Once you have figured out the resource id, you can download that dataset
as follows:
mean_temp_data = fetch_data(res_id = "98fe9271-a59d-4834-b05b-fd5ddb94ac01")This function returns a list of 2 elements.
- The first element is the data
| id | timestamp | year | annual | jan_feb | mar_may | jun_sep | oct_dec |
|---|---|---|---|---|---|---|---|
| 1123 | 1424778424 | 1957 | 23 | 18 | 25 | 27 | 21 |
| 1423 | 1424778424 | 1972 | 24 | 18 | 25 | 27 | 21 |
| 1443 | 1424778424 | 1973 | 24 | 19 | 26 | 27 | 21 |
| 1463 | 1424778424 | 1974 | 24 | 18 | 26 | 27 | 21 |
| 1483 | 1424778424 | 1975 | 23 | 18 | 25 | 26 | 21 |
| 1503 | 1424778424 | 1976 | 24 | 18 | 25 | 26 | 22 |
- The second element is a dataframe containing metadata about the columns.

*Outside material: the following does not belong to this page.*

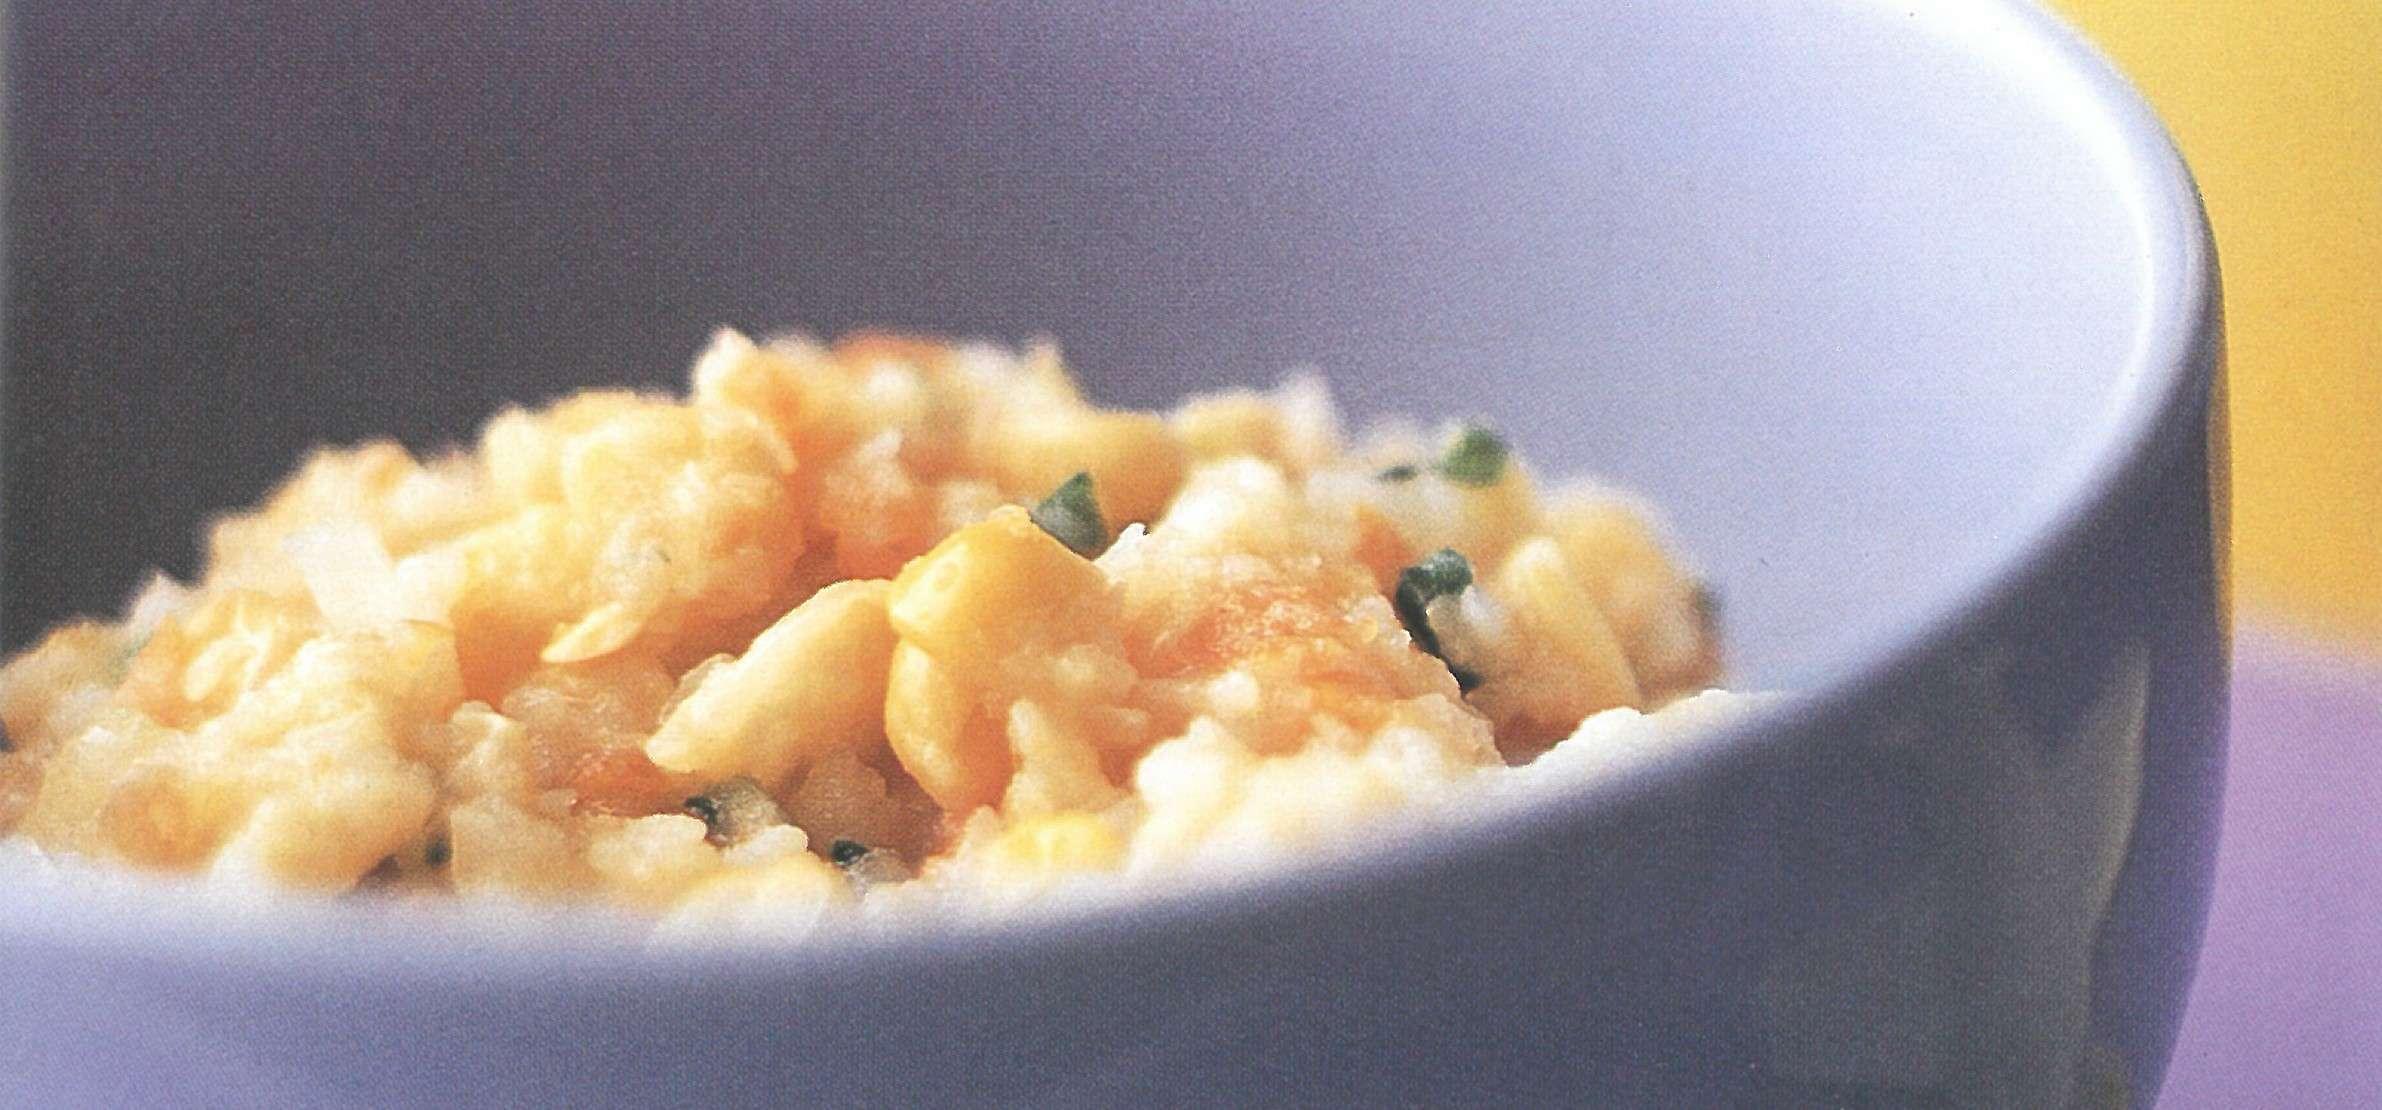 Recette Maïs doux aux pommes de terre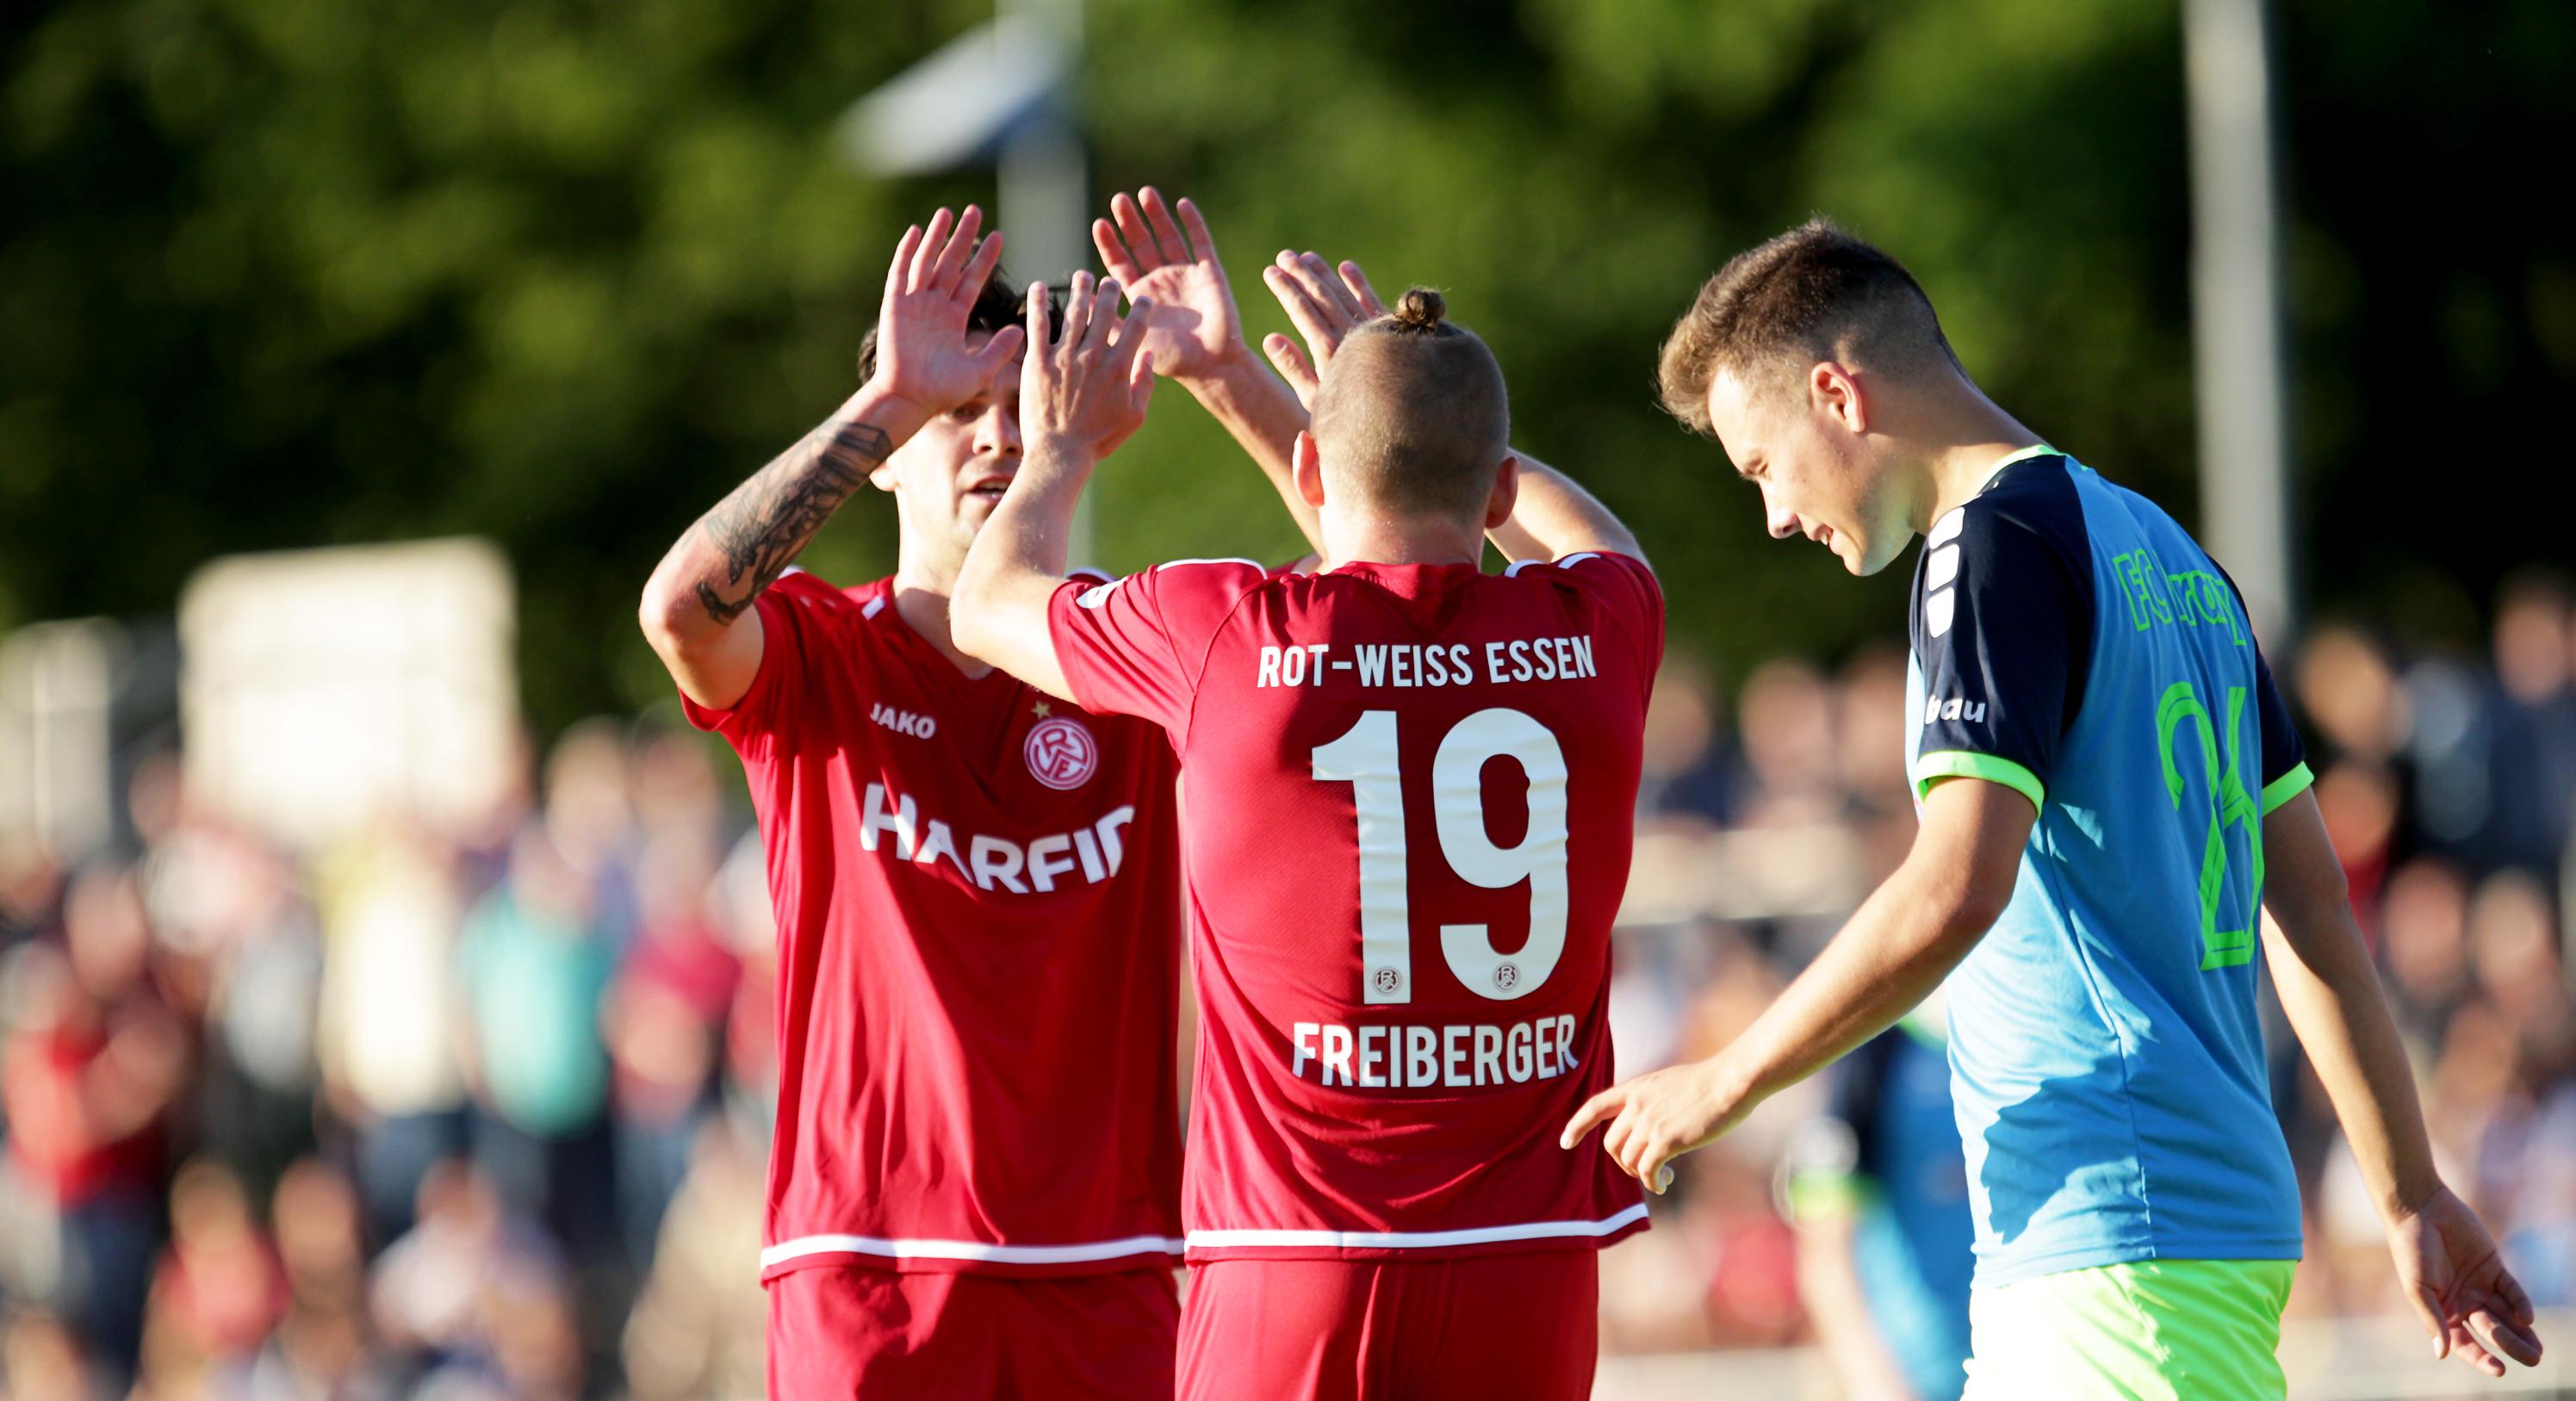 Mit 3:1 schlugen die Rot-Weissen den FC Kray. (Foto: Endberg)

knitr::kable(mean_temp_data[[2]])| .id | type | size | unsigned | not null | description |
|---|---|---|---|---|---|
| id | serial | normal | TRUE | TRUE | |
| timestamp | int | normal | TRUE | FALSE | The Unix timestamp for the data. |
| year | int | normal | NA | FALSE | |
| annual | int | normal | NA | FALSE | |
| jan_feb | int | normal | NA | FALSE | |
| mar_may | int | normal | NA | FALSE | |
| jun_sep | int | normal | NA | FALSE | |
| oct_dec | int | normal | NA | FALSE |
Advanced Usage
Instead of downloading entire datasets you can conditionally download
specific data elements. This functionality is achieved using additional
arguments to fetch_data() function. Currently you can use
-
-
filterto filter the dataset using equality constraints on specific columns. -
selectto select specific set of columns to be downloaded. -
sortto sort the resulting dataset based on multiple columns.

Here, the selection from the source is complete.